# [Task statement]
No pictures in the copy. Write out the listing below exactly.

# [Material provided]
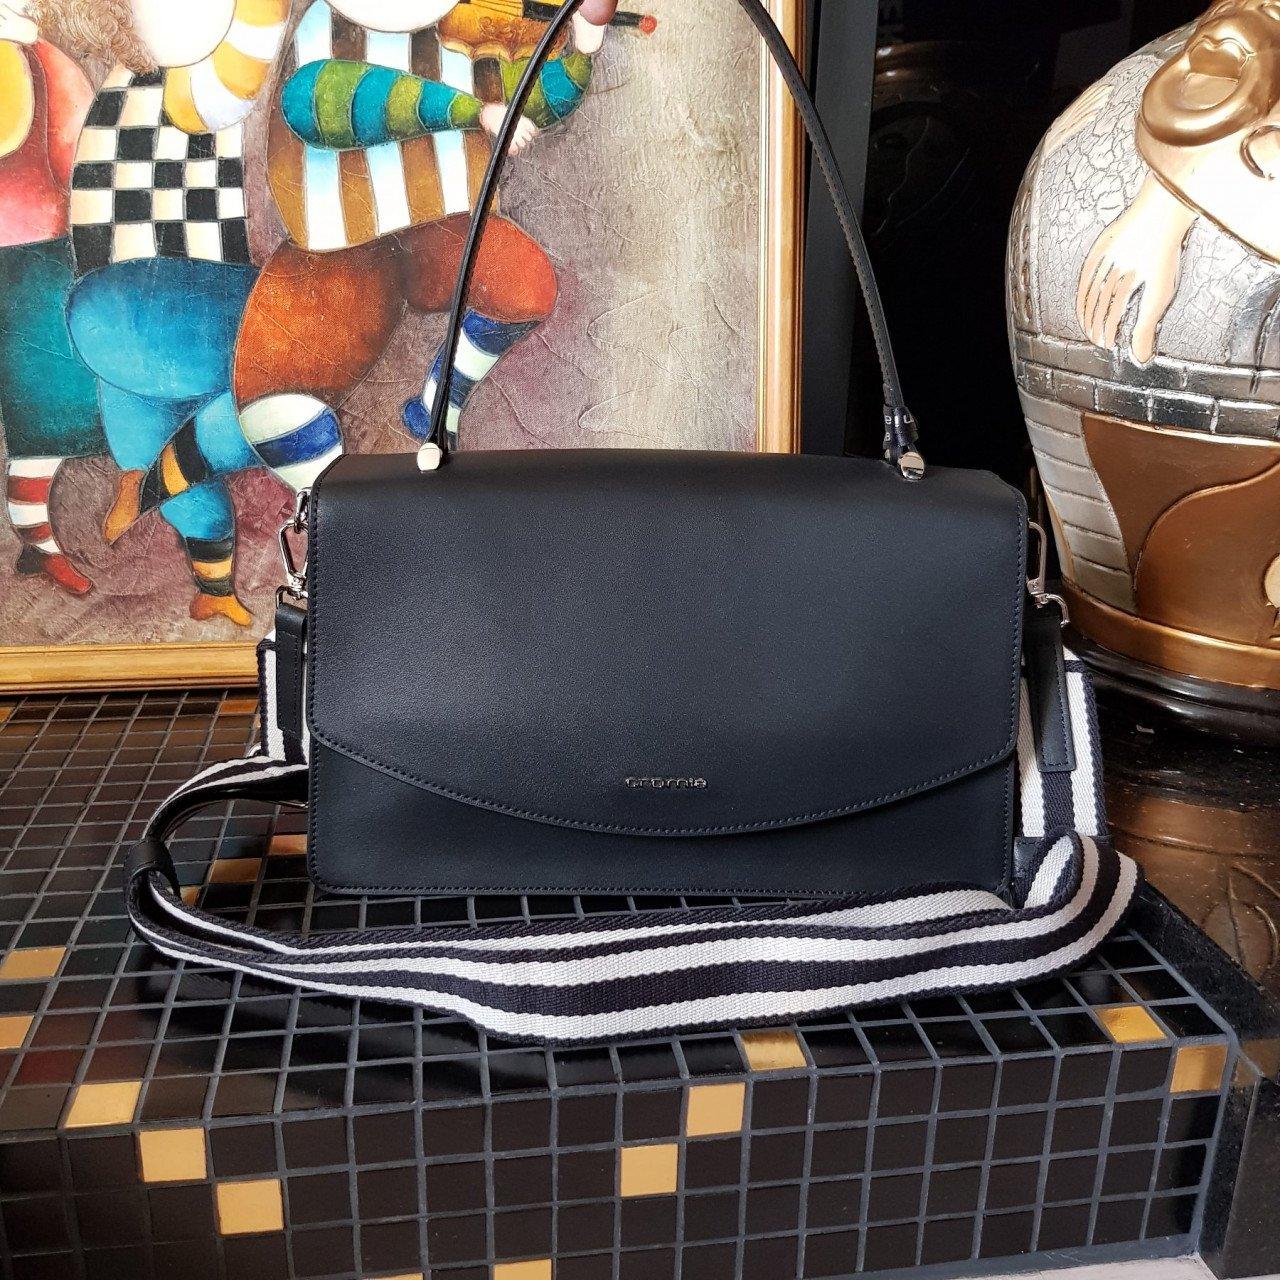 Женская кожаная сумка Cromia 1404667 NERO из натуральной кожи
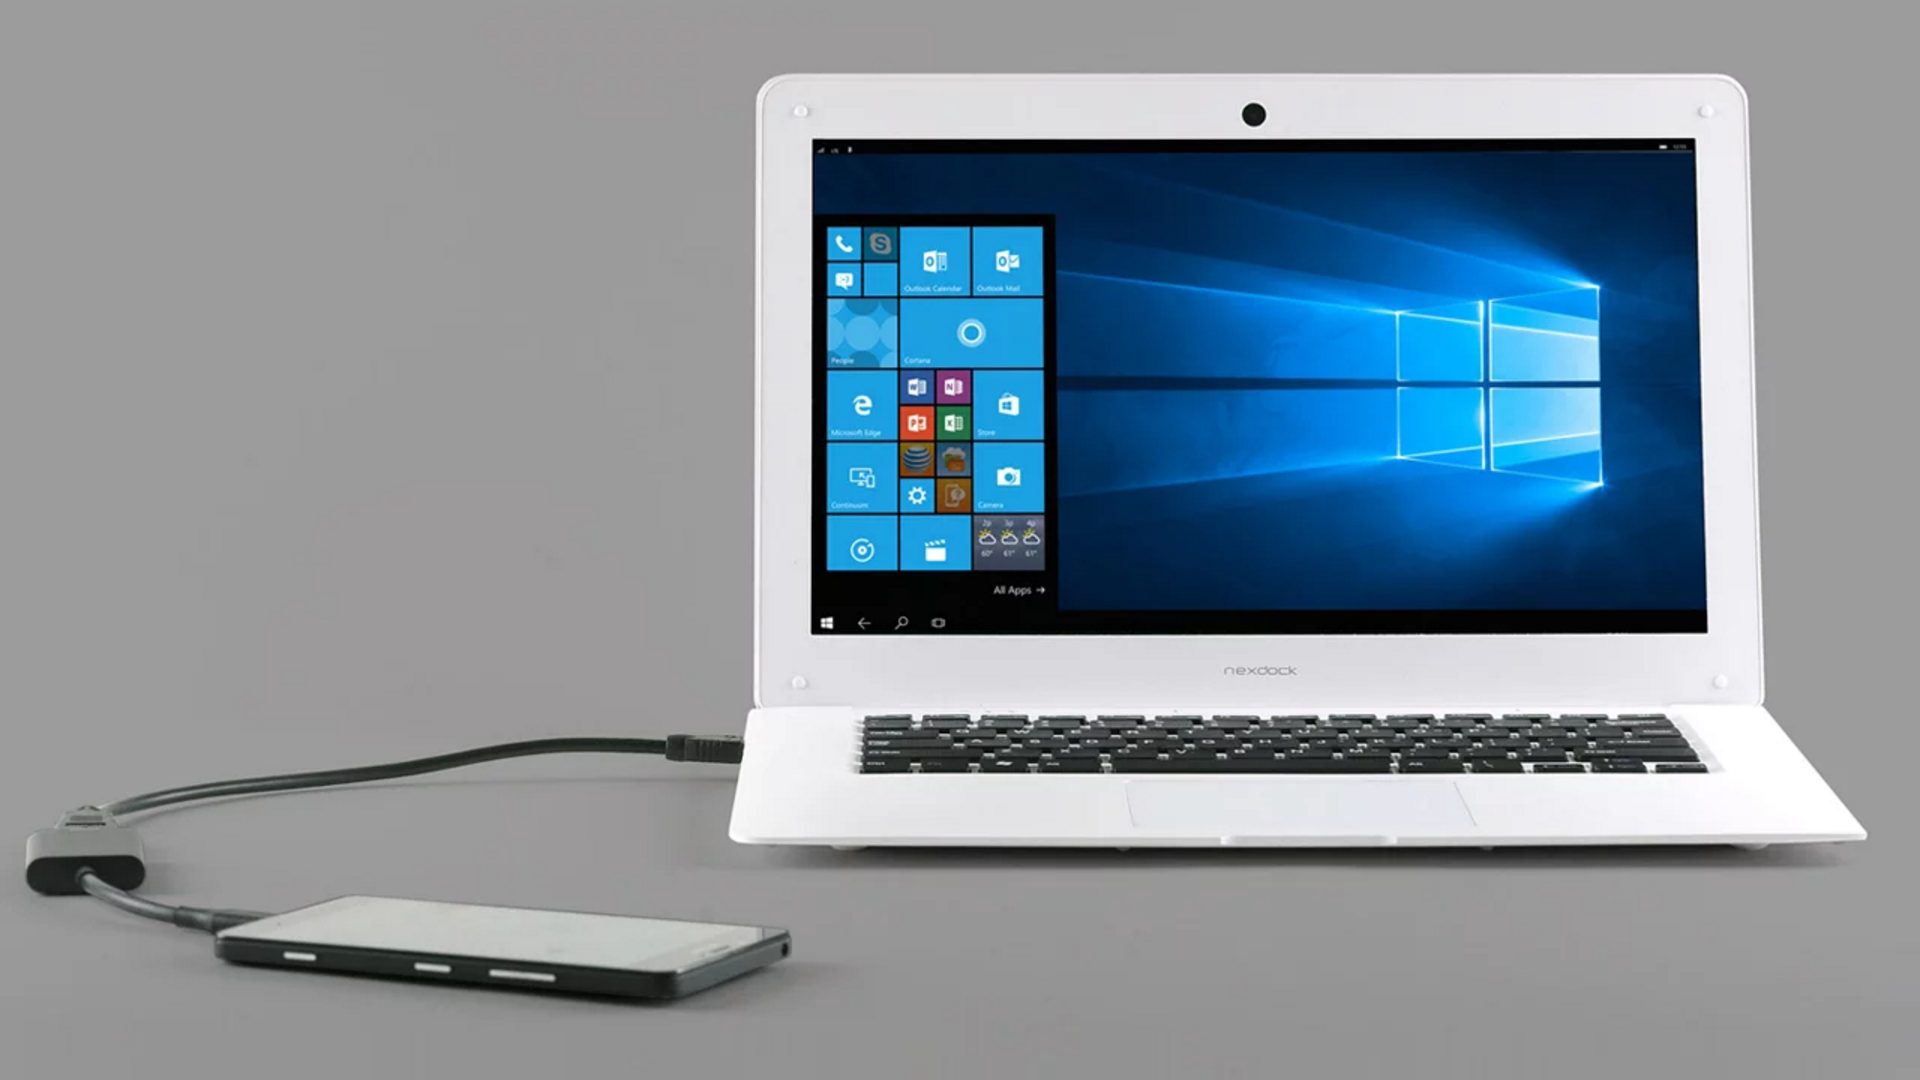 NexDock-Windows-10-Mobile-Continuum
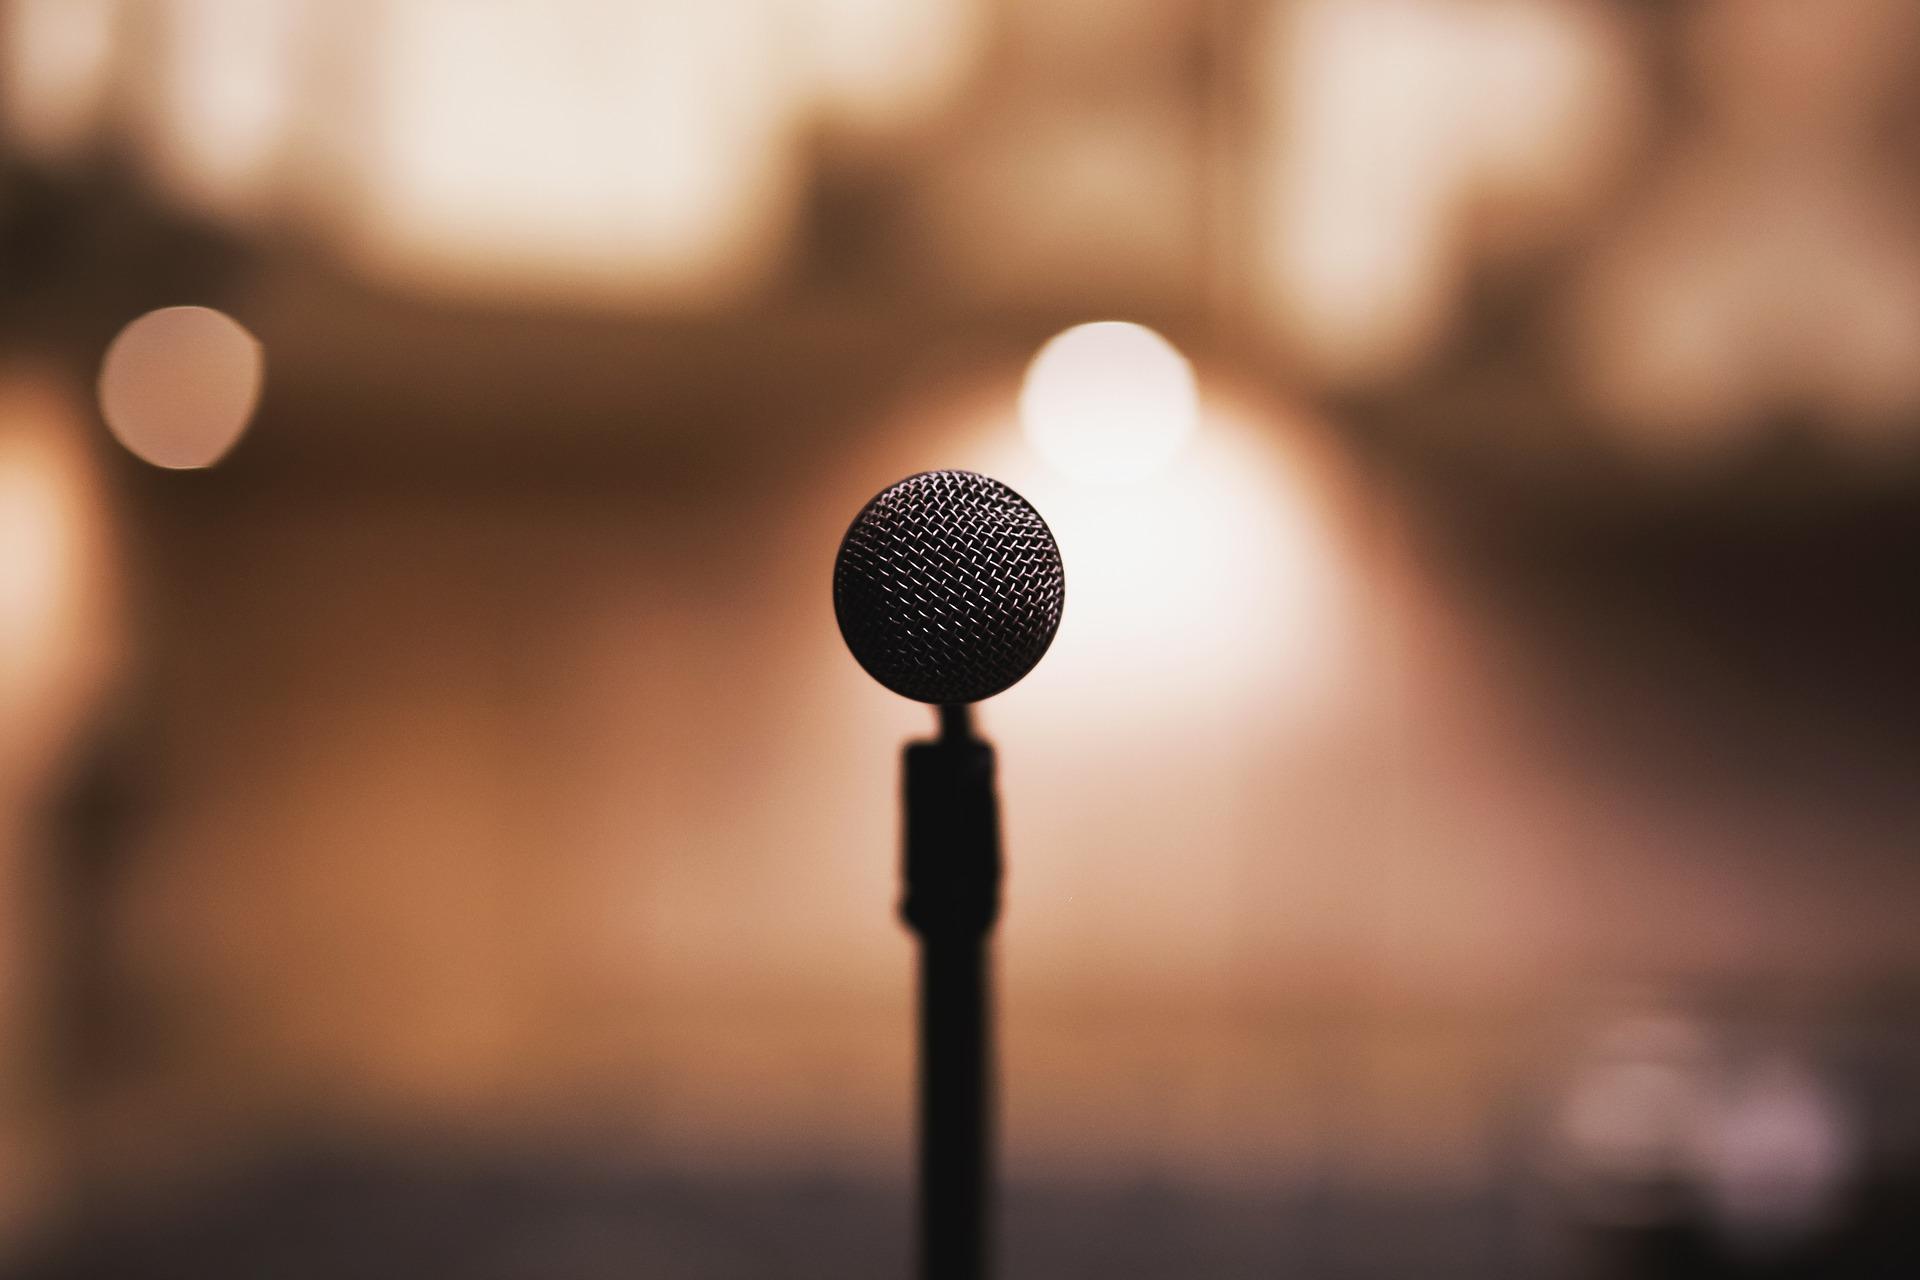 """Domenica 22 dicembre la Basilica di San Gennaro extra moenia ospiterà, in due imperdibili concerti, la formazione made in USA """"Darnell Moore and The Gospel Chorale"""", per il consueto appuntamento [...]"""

# [Output below]
 Женская кожаная сумка Cromia 1404667 NERO из натуральной кожи
 NexDock-Windows-10-Mobile-Continuum
 """Domenica 22 dicembre la Basilica di San Gennaro extra moenia ospiterà, in due imperdibili concerti, la formazione made in USA """"Darnell Moore and The Gospel Chorale"""", per il consueto appuntamento [...]"""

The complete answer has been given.